The unwashed masses you speak of, those that are struggling, simply don't use that much 'energy'; or at least the most polluting forms. They live in small flats, eat whatever's in the shop, sit in and watch TV, and walk or get the bus to work.
If they pollute, they do so as a side-effect of misallocation - e.g. food is shipped halfway across the world not because it has to be or should be but because low fossil fuel prices make it viable; electricity has high carbon impact (e.g. UK ~0.3kg/kWh) for historical reasons; etc.
They certainly don't fly about or do anything that has no replacement at present.
A country letting things get become "too expensive" in these silly monetary coupon terms and so everyone starves would be a complete governance failure.
Then again, some countries are currently failed states in that sense; in the UK we don't care if people get enough to eat, we give them some pictures of the queen's face if they jump through a ton of hoops and hope it works out. That likely wouldn't be viable.
Can you elaborate on how you came to the conclusion that global warming == extinction? To discuss the question of what would be "as bad" as global warming, me need to ~agree on what those bad outcomes actually are.

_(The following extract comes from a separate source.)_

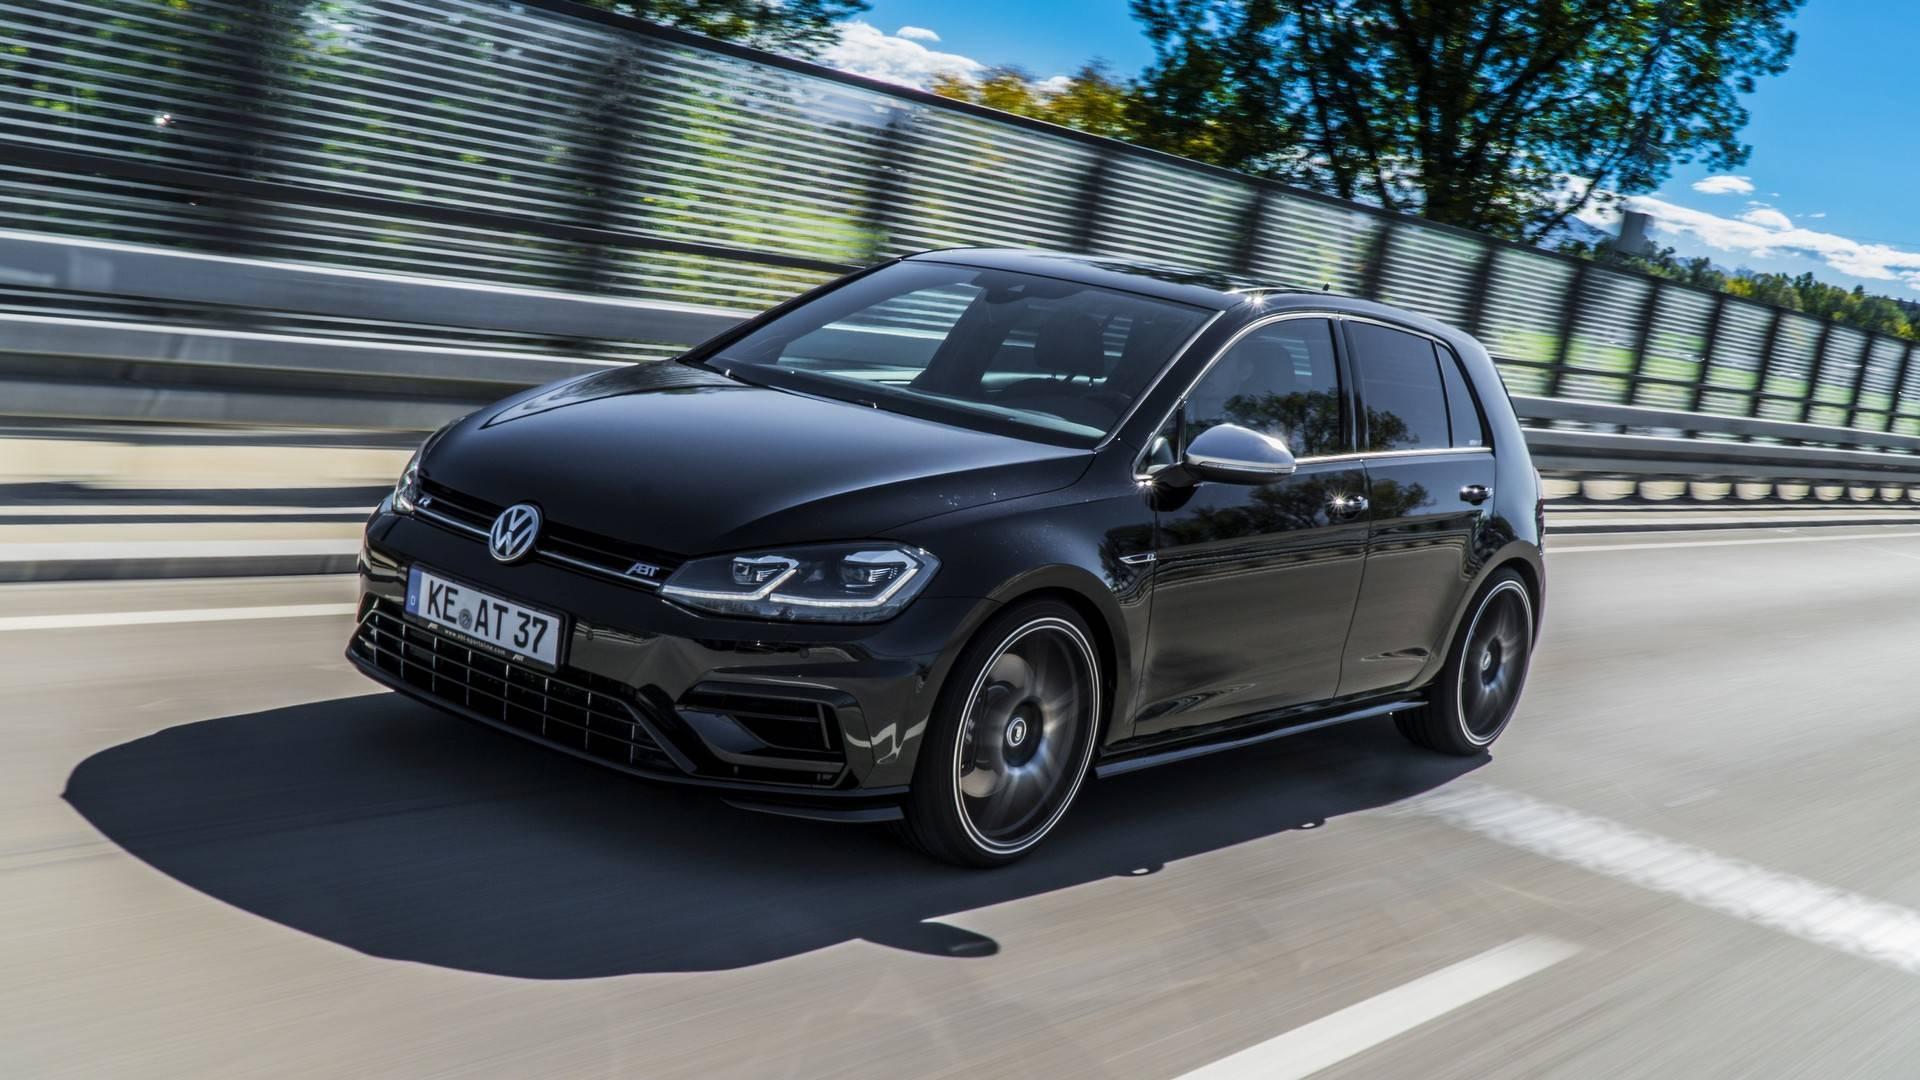 The Abt Golf R Is The Golf R400 Volkswagen Won T Make Autoevolution

Im skeptical that climate change will ever make humanity extinct. Lead to highly undesirables states, yes, but extinction, no.
I've been what many would call a climate change alarmist for a couple of decades now.
I think it's also quite unlikely that climate change, or even results from it, will make humans extinct. Even if climate change triggers some kind of global thermonuclear war, which I think is a small possibility, I'm pretty convinced that humans are here to stay.
Maybe not many of us, but some.
In my opinion, extinction isn't the main worry. Collapse of civilization should be what we're trying to avoid. And that is a real possibility I think.
Thank you. Regardless if I can follow you to "collapse of civilization" being a likely consequence or not, this is a step in the direction of a nuanced discussion.
(As an aside, Im not convinced humans are here to stay, but for very different reasons.)